Despite a number of proposed modifications, band theory has failed to explain electron conduction, metallic behavior and other physical properties in these new superconductors that can carry electricity without resistance at much higher temperatures than previously had been possible.
Discovery of the new superconductors created tremendous excitement both among basic scientists and those interested in potential applications such as more efficient electrical generators, lossless powerlines and magnetically levitated vehicles. Slower than anticipated progress toward the goal of room temperature superconductivity has dampened the excitement of those looking for short-term applications. But interest has remained high among basic researchers, who argue that improved understanding of how these materials work is the most likely way to achieve this difficult and elusive goal.
Now a group of scientists at Stanford and the Massachusetts Institute of Technology has published the results of a series of experiments on six high temperature superconductors. They hope that their data will provide an empirical basis for developing a more general theory of electron transport that can describe not only how electrons move through materials where band theory works extremely well but also how they move within materials like high temperature superconductors, where the current theory breaks down.
“There are things going on in these materials that band theory can't explain,” says Zhi-Xun Shen, assistant professor of applied physics at Stanford, who headed the research effort. “That is one of the reasons that they have such surprising properties.”

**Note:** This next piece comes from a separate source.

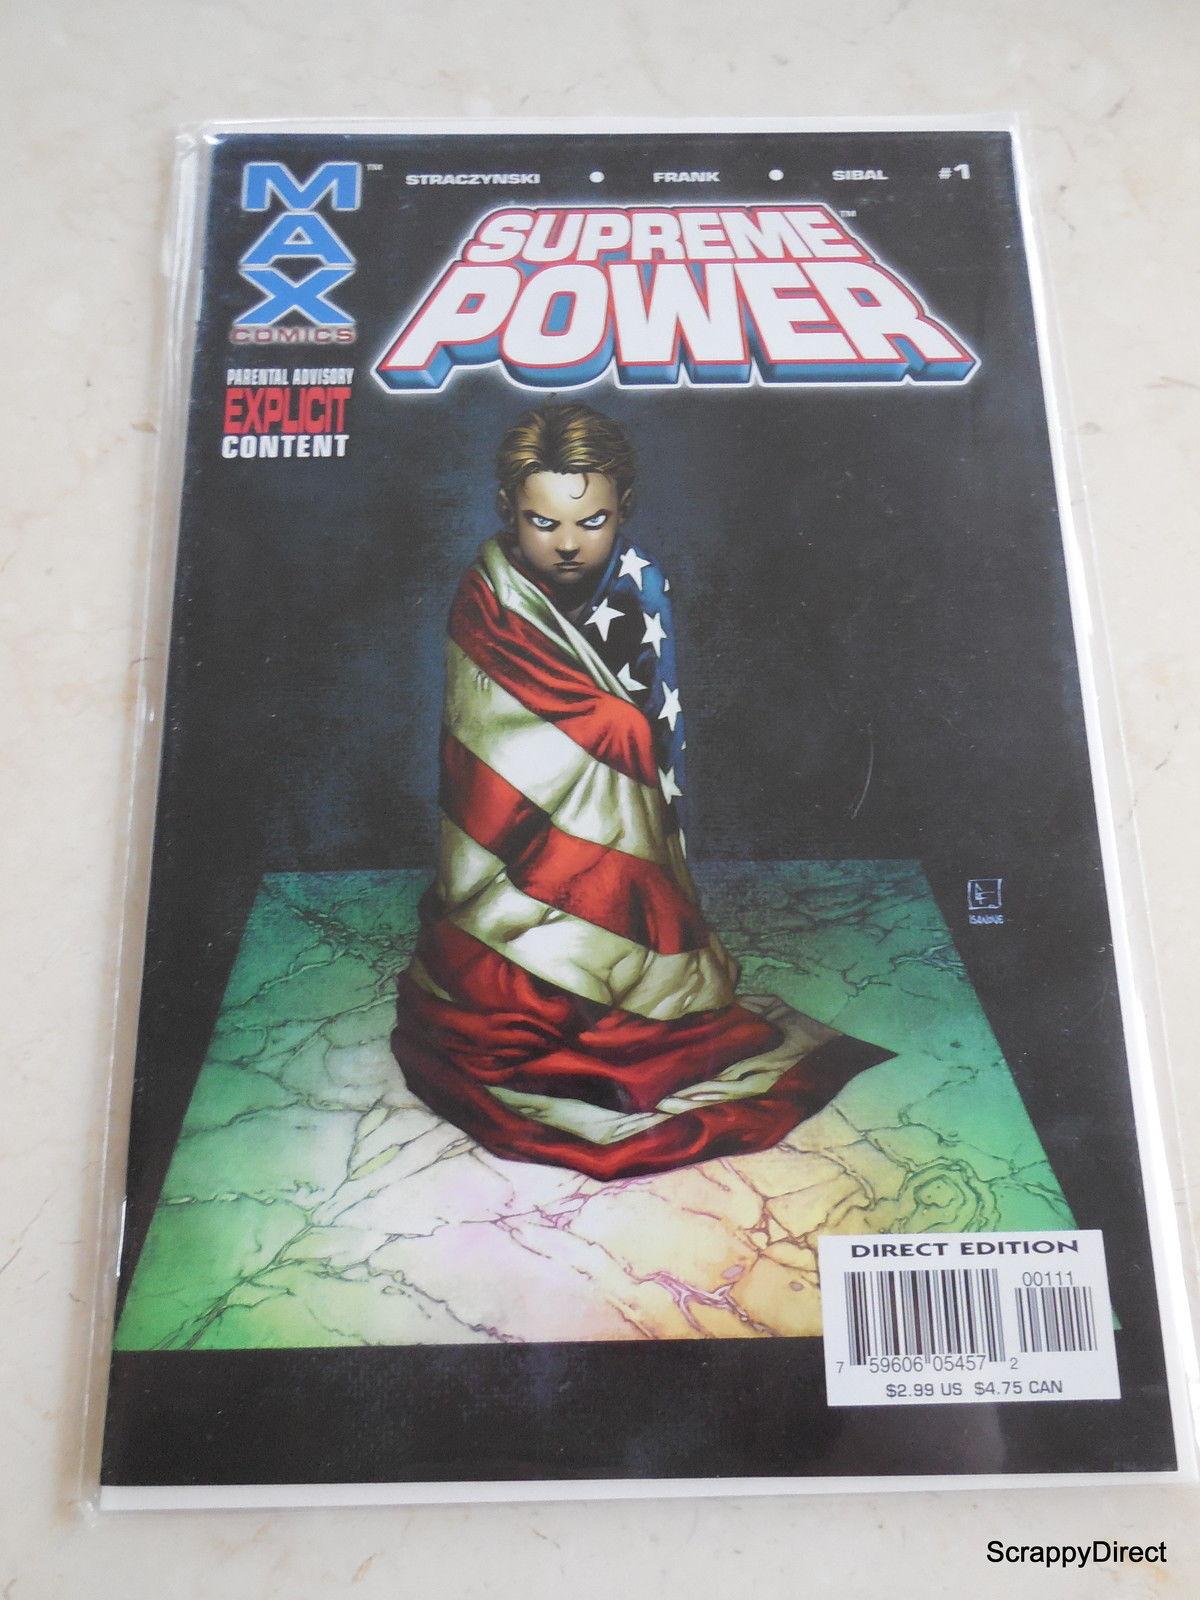 Marvel Max SUPREME POWER Vol #1 NO. #1 OCT 2003

The paper reports the results of the most detailed studies of high temperature superconductors yet performed by a demanding experimental technique called photoemission spectroscopy, which provides direct information about electron movement within such materials. Its authors are Shen; William E. Spicer, Stanford professor emeritus of electrical engineering; Stanford graduate student David M. King; Stanford Linear Accelerator Center physicist Daniel S. Dessau; and postdoctoral fellow Barry O. Wells of the Massachusetts Institute of Technology.
(A similar analysis of a single high temperature superconductor published two years ago in Physical Review Letters by this group was recently ranked by the Institute for Scientific Information as one of the 10 most highly cited physics papers last year.)
"For a number of years, we have known that band theory doesn't explain electron transport in certain materials, such as transition metal oxides like nickel oxide, but this has largely been ignored because the theory has proven so successful on commercially important materials like silicon," says Spicer, who helped pioneer photoemission spectroscopy.
Band theory, more properly called one-electron band theory, provides a conceptually simple explanation for electron transport. Instead of dealing individually with the millions of electrons that flow through a solid, the theory starts with an individual electron. It then approximates the complex interplay of forces acting upon that electron with a series of wave functions that represent the average conditions that an electron experiences. This approximation has proven remarkably accurate for estimating electron flow in silicon chips and many other materials.
"In materials like the new superconductors, however, the electrical and magnetic interactions between electrons appear to be so strong that the one-electron approximation of band theory no longer works," says Shen.
Instead, he and his colleagues argue that a fundamentally different approach will be necessary. This different approach is called many-body theory, because it explicitly takes into account the electrical interactions between large numbers of individual electrons. Band theory is delocalized, that is, the exact location of the electron is unimportant. In fact, there is no restriction against two electrons occupying the same site - something that cannot happen in real life because of the strong electrical repulsion between electrons.
"In many-body theory, however, two electrons can only occupy the same site at great energy cost. The repulsion between individual electrons is important. If I'm an electron, and I sit in one spot, and you are an electron, you don't want to get too close. You must find an empty chair, or site, to sit in," explains Shen.
Electron interactions are directly related to the phenomenon of superconductivity. The only known way that electrons can move through a material without colliding either with the atoms or each other - and so achieve electrical movement without resistive losses - is by moving in pairs.
In conventional superconductors, which operate only at temperatures under minus 220 degrees Celsius, the force that causes electron pairing is created by vibrations in the material's lattice. At the higher temperatures - slightly under minus 100 degrees Celsius - at which the new materials superconduct, however, lattice vibrations are not strong enough to hold the electrons together. So a stronger mechanism is required.
According to the researchers, photoemission spectroscopy can obtain direct measurements of this critical binding force between the electron pairs. It does so by shooting photons into the material. A certain number of the photons knock electrons loose and some of these electrons fly out from the surface, where the scientists measure their direction and speed. This information can tell the scientists a great deal about the conditions within the material.
"The process is so fast that it is almost as if you freeze the electrons and remove them with all the information intact," Shen says.
However, the process is also very painstaking. It requires very high vacuum and the samples must be extraordinarily pure or the results can be misleading, Spicer says. "Even with considerable help from Stanford's KGB, it took us over six months just to prepare the samples," he says. (KGB is a nickname for the collaboration among applied physicists Aharon Kapitulnik, Theodore H. Geballe and Malcolm Beasley, who have made major contributions to the development of new superconducting materials.)
To measure the binding force between the superconducting electron pairs, the researchers looked at the differences in the energy and direction of the electrons emitted when a material is in a normal and a superconducting state.
In all the high temperature superconductors that they tested, the scientists found that this binding force is stronger in one direction, relative to the material's lattice, than in another. This provides an important clue to the origin of this force. In conventional superconductors, the binding force is the same in all directions. But theories that propose a magnetic source for the superconducting electron binding force predict that it will be stronger in some directions than in others and are consistent with these observations.